Bend To My Will

  






Kinetic Sound Sculpture

Medium: Etched Copper Plate, Linear Actuators, Steel
    Foot, Arduino, Contact Microphone, Transducers.


Nor again is there anyone who loves or pursues or desires to obtain pain of itself, because it is pain, but because occasionally circumstances occur in which toil and pain can procure him some great pleasure.” - Cicero

Bend To My Will portrays the shortsightedness and opportunism that constitute much of the current communicative discourse. Ideologies are increasingly being replaced by volatile pseudo standpoints, arguments are being substituted by catch phrases, juxtaposed monologues are staged as proxies for dialogue.
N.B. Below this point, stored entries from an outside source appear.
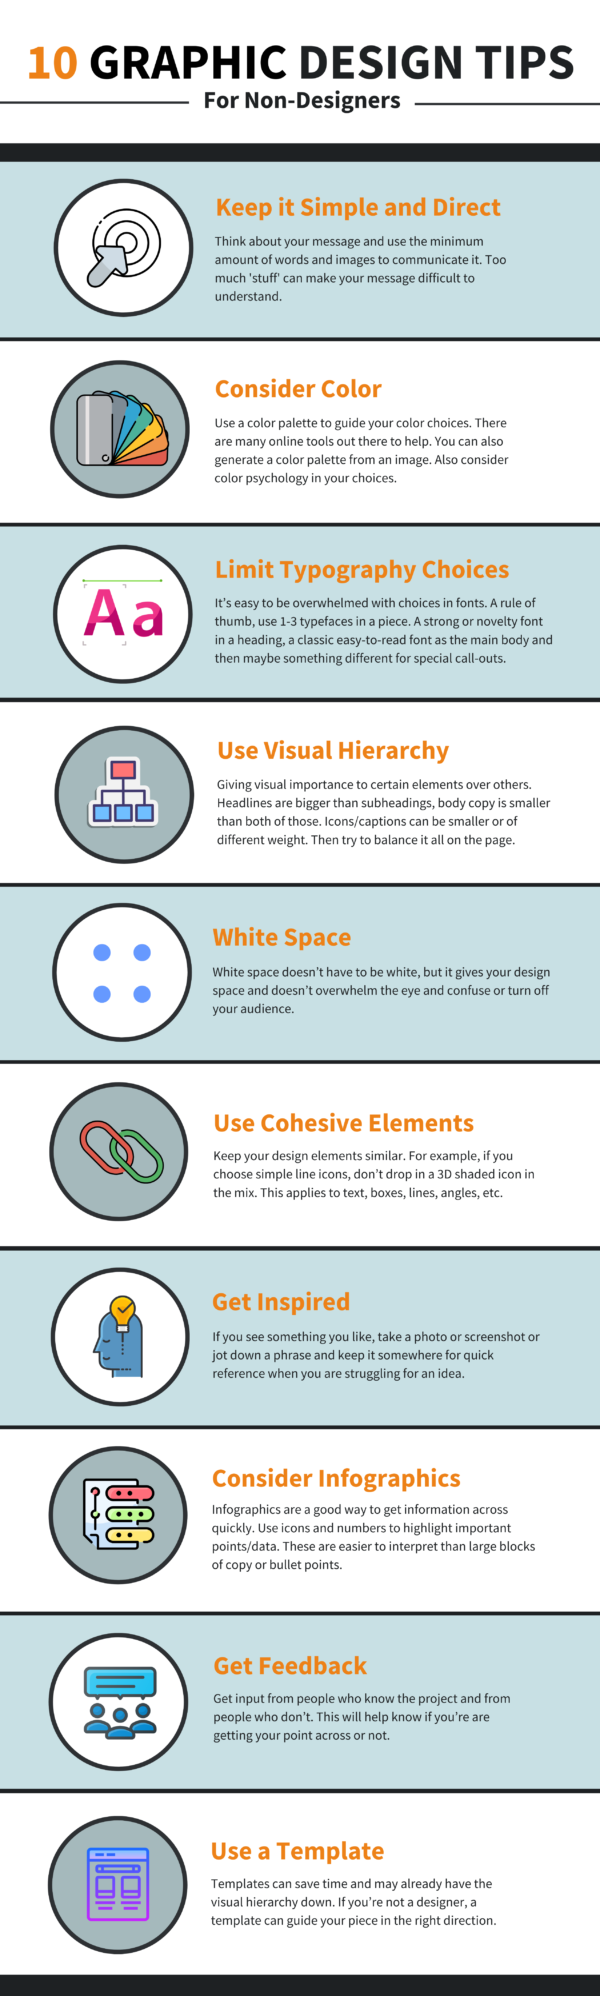 10 Graphic Design Tips For Non-Designers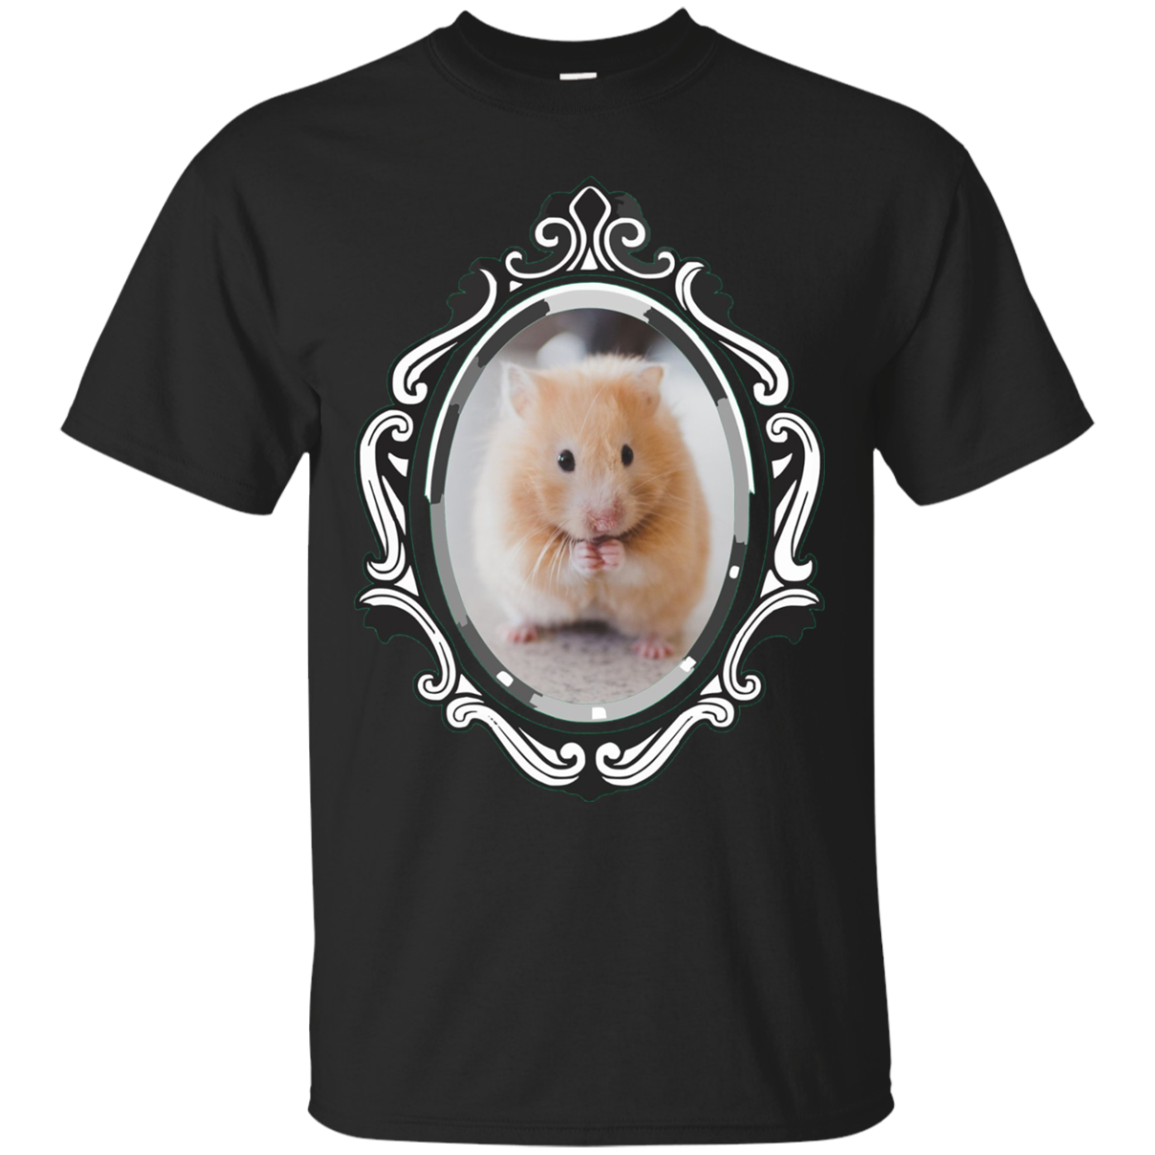 Beautiful Hamster Face T-shirt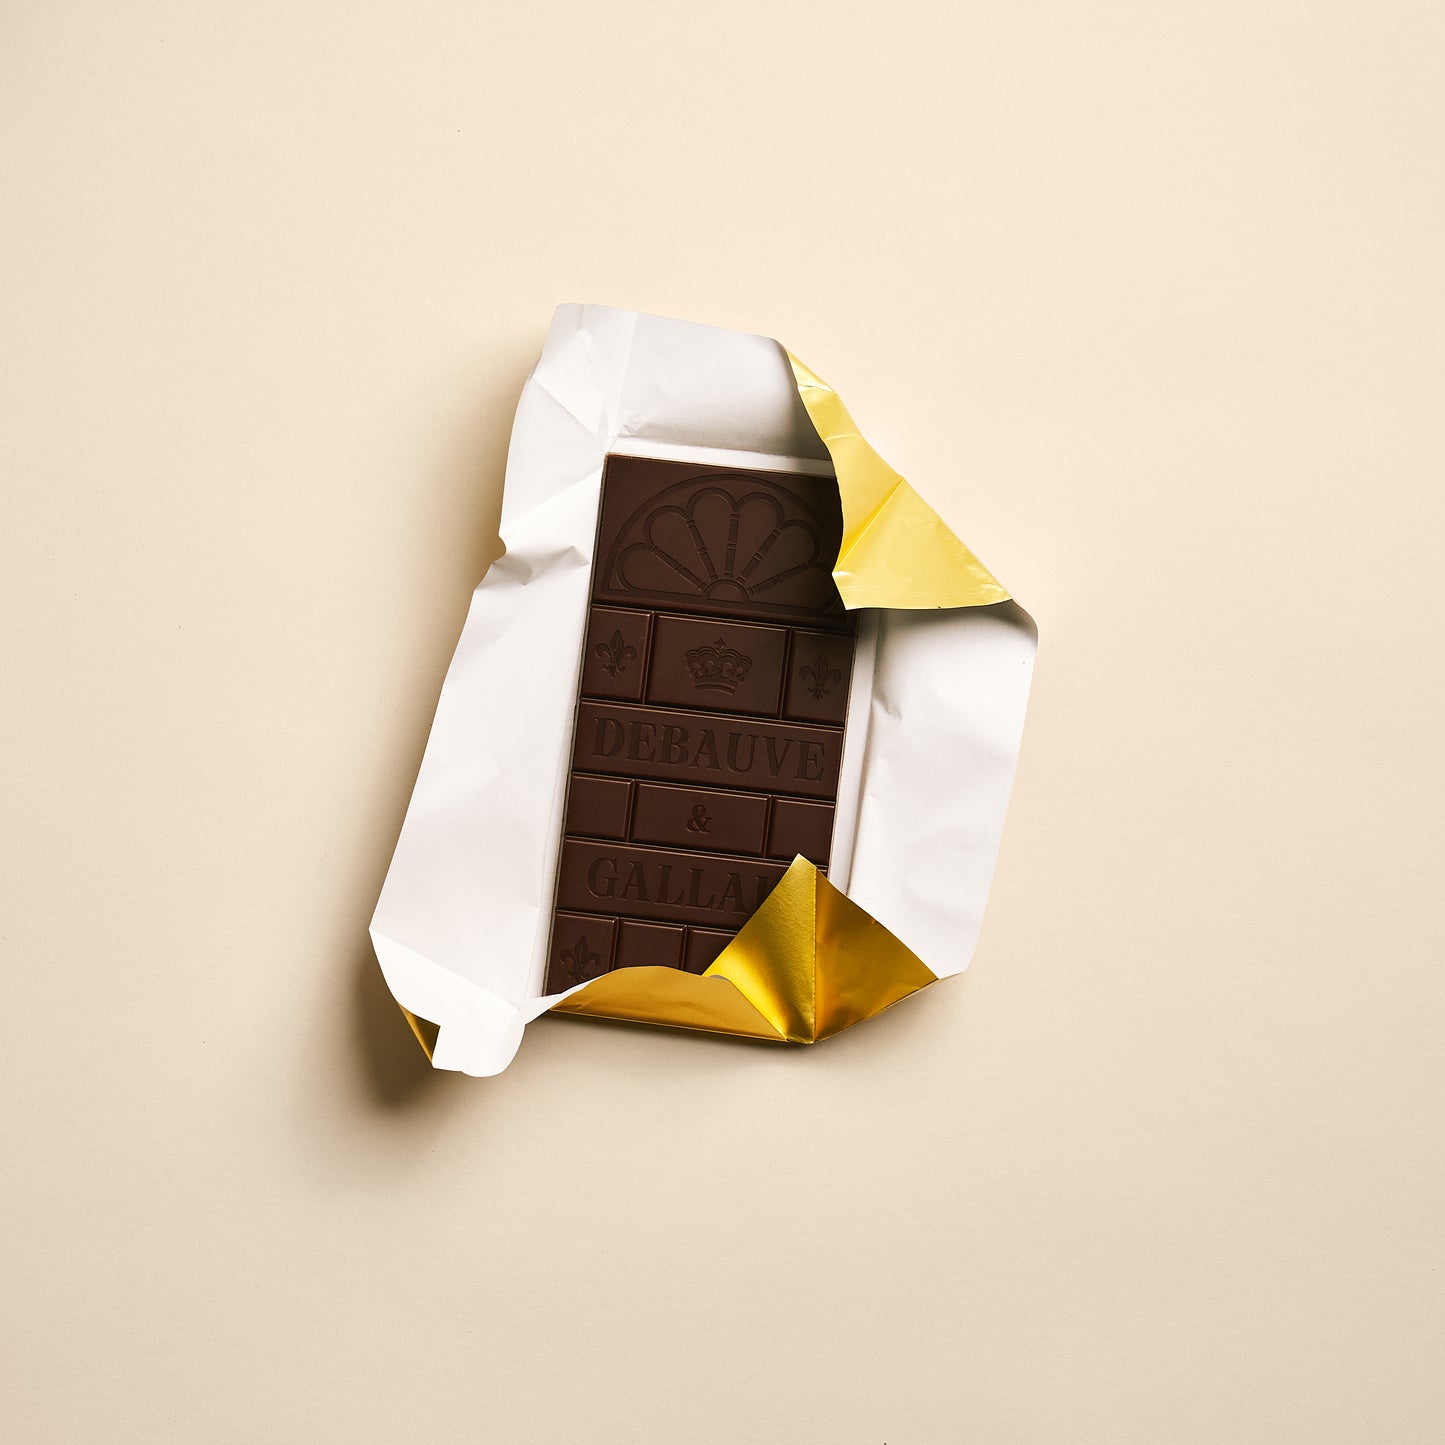 85% Dark chocolate bar, Peru origin

An increasing fear of ambiguity caters for reactive bursts of resonances within a growing number of echo chambers across the political spectrum, as people look for belonging and cohesion.



In Bend To My Will, Ehlin controls and manipulates an ongoing electro-acoustic feedback loop by continuously changing the bent shape of a 2 meter tall copper plate. As the shape changes, so does the plate’s inherent resonant frequency, thereby breaking each resonance build-up so that it has to start over again from its new fundamental frequency. In a perpetuum mobile fashion the plate reflexively changes shape every time the feedback gets too loud, literally making it shy away every time the resonance crosses a certain threshold.
 


The engraving Lorem Ipsum… is a scrambled version of texts by Cicero on the topic of hedonism, opportunism and shortsightedness. Mostly without any reference to its original meaning the text has been the default exemplary text used in printing, along with copper, the original material of early printing technology. Through the continuous changing of resonant frequencies, the audience is invited to experience the shift between moments of ambiguity and peaks of howling clarity. Can we in days of echo chambers and filter bubbles afford to trust resounding resonance or do we need to learn to find acceptance and fulfilment within the ambiguous and opaque?